◆ AIM OF THE EXERCISE
In the records below, find the line with "Hogan 360 Upload Template" and the line with "Dama Rubber Flip"; return exactly those lines and every line between them.

DATA FOR THE TASK START

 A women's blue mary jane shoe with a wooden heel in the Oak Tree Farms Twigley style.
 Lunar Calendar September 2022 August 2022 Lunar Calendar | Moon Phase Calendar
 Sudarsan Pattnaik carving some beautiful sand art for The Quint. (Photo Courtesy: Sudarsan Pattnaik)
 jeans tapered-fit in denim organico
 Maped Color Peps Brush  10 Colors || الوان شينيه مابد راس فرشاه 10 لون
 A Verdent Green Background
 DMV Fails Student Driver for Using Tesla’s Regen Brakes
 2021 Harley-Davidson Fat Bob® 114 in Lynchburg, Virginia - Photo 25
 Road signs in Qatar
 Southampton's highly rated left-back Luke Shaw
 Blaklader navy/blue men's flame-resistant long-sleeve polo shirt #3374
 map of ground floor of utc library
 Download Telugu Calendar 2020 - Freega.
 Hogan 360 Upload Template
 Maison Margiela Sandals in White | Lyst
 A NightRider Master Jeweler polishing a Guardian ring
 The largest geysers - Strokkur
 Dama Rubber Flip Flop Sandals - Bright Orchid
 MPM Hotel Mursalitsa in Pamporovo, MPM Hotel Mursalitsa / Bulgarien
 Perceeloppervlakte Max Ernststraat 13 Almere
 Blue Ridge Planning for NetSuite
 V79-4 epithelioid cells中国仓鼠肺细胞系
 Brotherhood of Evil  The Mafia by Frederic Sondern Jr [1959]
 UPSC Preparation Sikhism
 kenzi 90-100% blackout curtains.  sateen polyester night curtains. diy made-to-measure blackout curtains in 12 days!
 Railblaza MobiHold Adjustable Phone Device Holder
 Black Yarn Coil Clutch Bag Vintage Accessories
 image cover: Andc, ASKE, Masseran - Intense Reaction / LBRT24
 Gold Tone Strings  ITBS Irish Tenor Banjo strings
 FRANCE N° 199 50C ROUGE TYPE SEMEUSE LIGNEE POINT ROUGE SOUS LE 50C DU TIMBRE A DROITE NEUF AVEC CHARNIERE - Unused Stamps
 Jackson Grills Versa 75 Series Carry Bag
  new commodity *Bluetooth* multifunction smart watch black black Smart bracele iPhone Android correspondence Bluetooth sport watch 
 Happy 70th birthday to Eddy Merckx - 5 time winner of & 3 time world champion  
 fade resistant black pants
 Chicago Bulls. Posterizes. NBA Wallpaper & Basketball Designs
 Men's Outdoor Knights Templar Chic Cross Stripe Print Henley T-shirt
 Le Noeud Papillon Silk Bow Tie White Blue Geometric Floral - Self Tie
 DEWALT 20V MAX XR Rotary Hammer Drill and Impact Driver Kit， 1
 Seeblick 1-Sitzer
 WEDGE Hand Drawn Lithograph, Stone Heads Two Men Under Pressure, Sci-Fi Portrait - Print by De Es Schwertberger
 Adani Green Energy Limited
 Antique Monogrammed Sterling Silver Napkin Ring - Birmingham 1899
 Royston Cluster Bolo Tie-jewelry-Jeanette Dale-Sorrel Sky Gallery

DATA FOR THE TASK END

◆ EXERCISE OUTPUT
 Hogan 360 Upload Template
 Maison Margiela Sandals in White | Lyst
 A NightRider Master Jeweler polishing a Guardian ring
 The largest geysers - Strokkur
 Dama Rubber Flip Flop Sandals - Bright Orchid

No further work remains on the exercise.